Take, for instance, a recent Buzzfeed News story on children’s home inspections in the United Kingdom.4 The Jupyter Notebook has specific steps to check that data has been correctly filtered (Figure 19.1), providing a backstop against the types of simple but serious mistakes that caught Reinhart and Rogoff out.5 While the exact content of the code may not be comprehensible to the non-technical reader, the presence of these tests and backstops against error with appropriately plain English explanations may go some way to showing that the steps taken to produce the journalist’s findings were sound.
More Than Just Reproducibility
Using literate programming environments for data stories does not just help make them more reproducible.
Publishing code can aid collaboration between organizations. In 2016, Global Witness published a web scraper that extracted details on companies and their shareholders from the Papua New Guinea company register.6 The initial piece of research aimed to identify the key beneficiaries of the corruption-prone trade in tropical timber, which is having a devastating impact on local communities. While Global Witness had no immediate plans to reuse the scraper it developed, the underlying code was published on GitHub—the popular code-sharing website.
Not long after, a community advocacy organization, ACT NOW!, down- loaded the code from the scraper, improved it and incorporated it into their iPNG project that lets members of the public cross-check names of company shareholders and directors against other public interest sources.7 The scraper is now part of the core data infrastructure of the site, retrieving data from the Papua New Guinea company registry twice a year.
Writing code within a literate programming environment can also help to streamline certain internal processes where others within an organization need to understand and check an analysis prior to publication. At Global Witness, Jupyter Notebooks have been used to streamline the legal review process. As notebooks set out the steps taken to get a certain finding in a logical order, lawyers can then make a more accurate assessment of the legal risks associated with a particular allegation.
In the context of investigative journalism, one area where this can be particularly important is where assumptions are made around the identity of specific individuals referenced in a data set. As part of our recent work on the state of corporate transparency in the United Kingdom, we wanted to establish which individuals controlled a very large number of companies. This is indicative (although not proof) of them being a so-called “nominee” which in certain contexts—such as when the individual is listed as a Person of Significant Control (PSC)—is illegal. When publishing the list of names of those individuals who controlled the most companies, the legal team wanted to know how we knew a specific individual, let’s say John Barry Smith, was the same as another individual named John B. Smith.8 A Jupyter Notebook was able to clearly capture how we had performed this type of deduplication by presenting a table at the relevant step that set out the fields that were used to assert the identity of individuals.9 These same processes have been used at Global Witness for fact-checking purposes as well.
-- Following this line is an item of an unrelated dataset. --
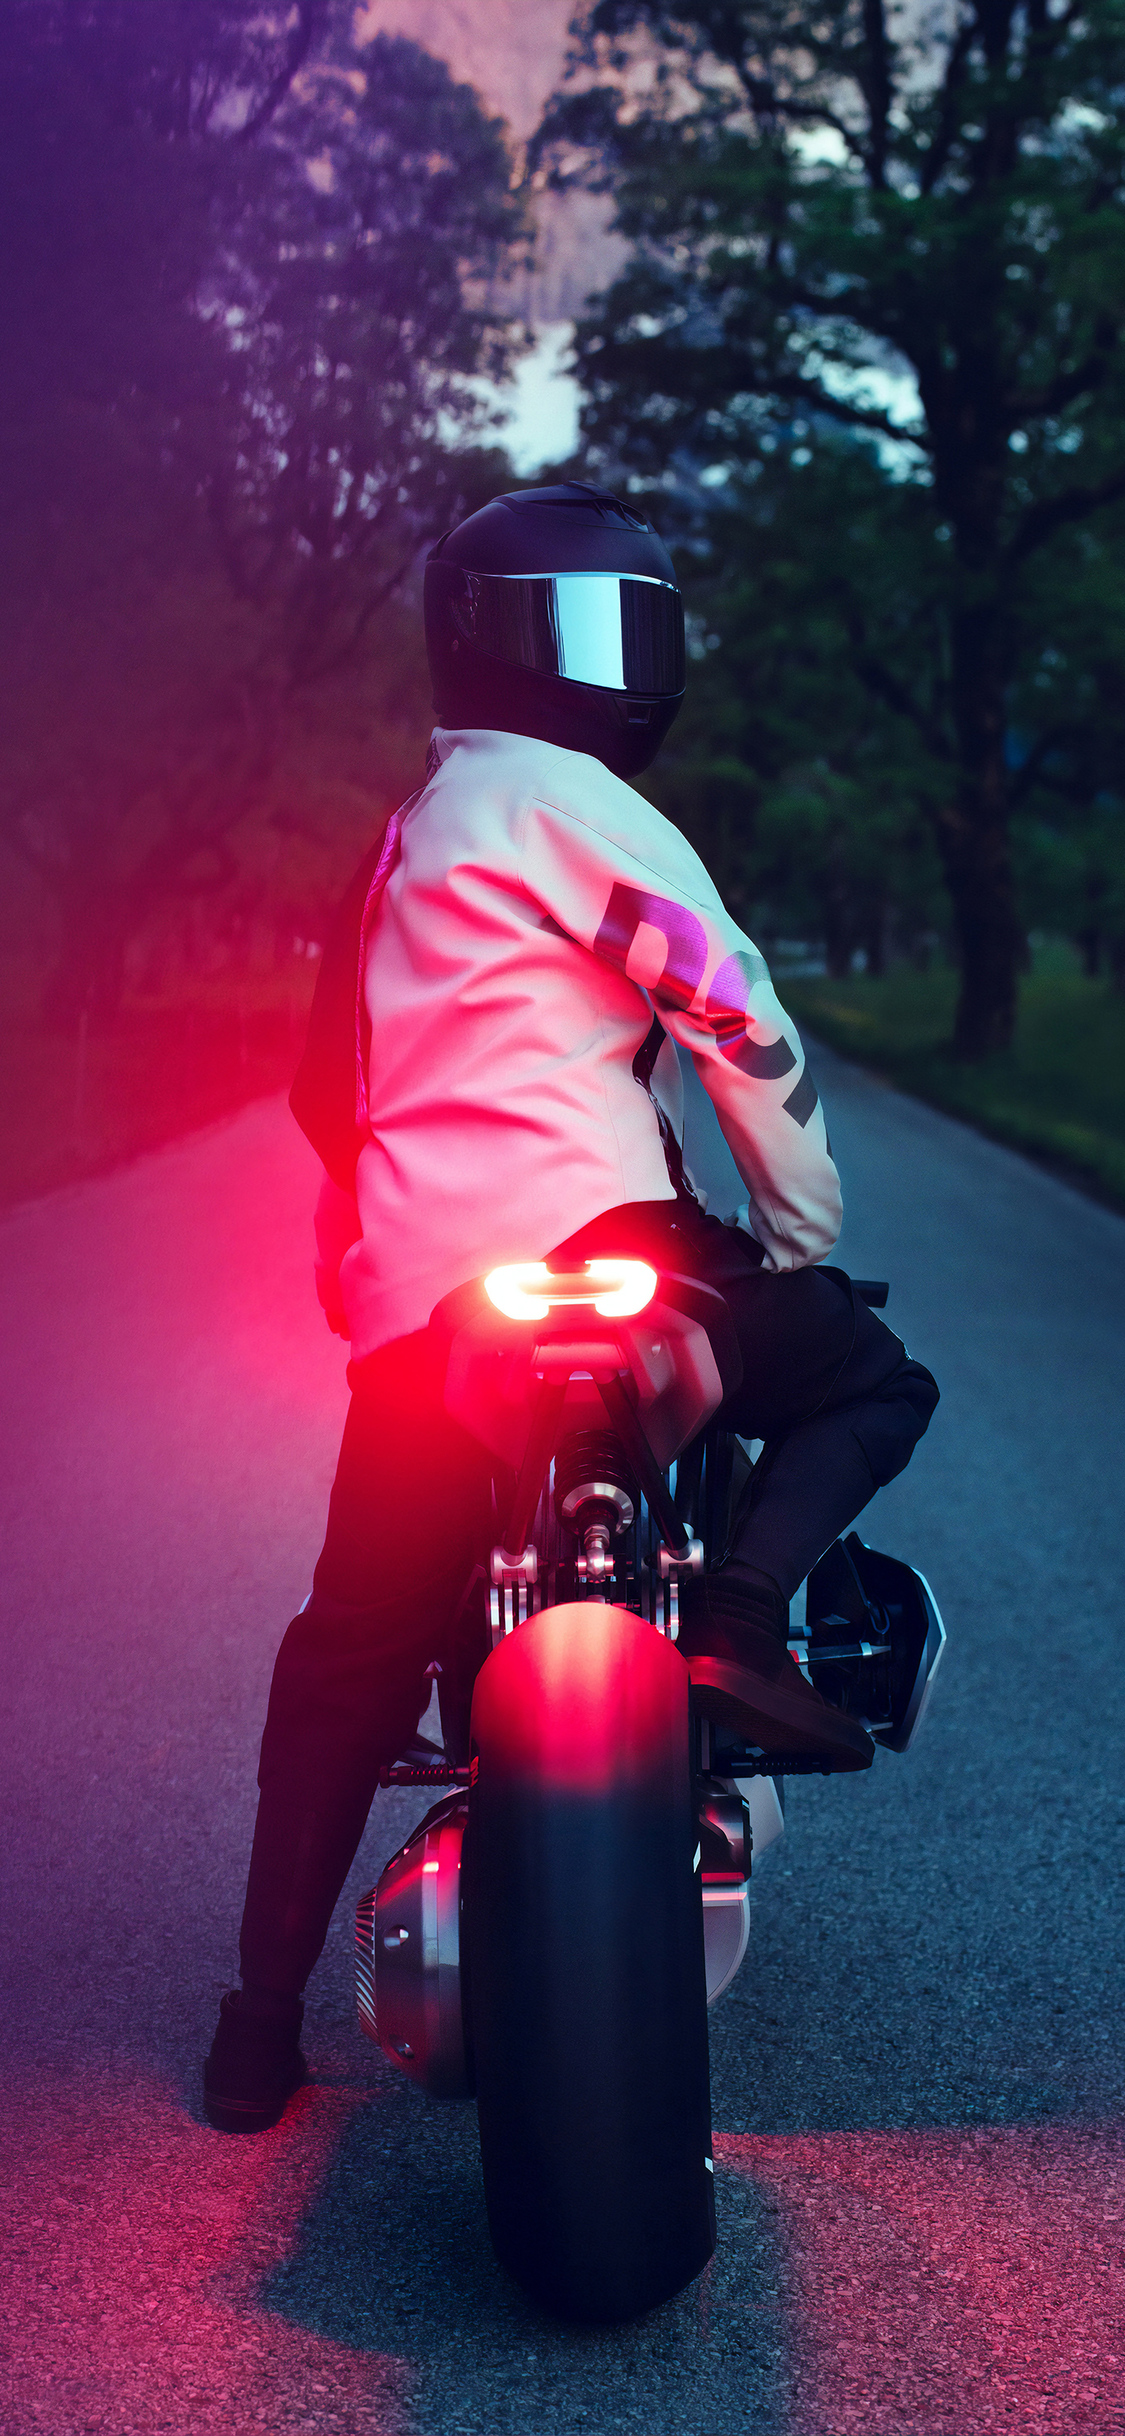 bmw-vision-dc-roadster-rider-5p.jpg

Jupyter Notebooks have also proven particularly useful at Global Witness when there is need to monitor a specific data set over time. For instance, in 2018 Global Witness wanted to establish how the corruption risk in the London property market had changed over a two-year period.10 We acquired a new snapshot from the land registry of properties owned by foreign companies and reused and published a notebook we had developed for the same purpose two years previously.11 This yielded comparable results with minimal overheads. The notebook has an additional advantage in this context, too: It allowed Global Witness to show its methodology in the absence of being able to republish the underlying source data which, at the time of analysis, had certain licensing restrictions. This is something very difficult to do in a spreadsheet-based workflow. Of course, the most effective way of accounting for your method will always be to publish the raw data used. However, journalists often use data that cannot be republished for reasons of copyright, privacy or source protection.
While literate programming environments can clearly enhance the accountability and reproducibility of a journalist’s data work, alongside other benefits, there are some important limitations.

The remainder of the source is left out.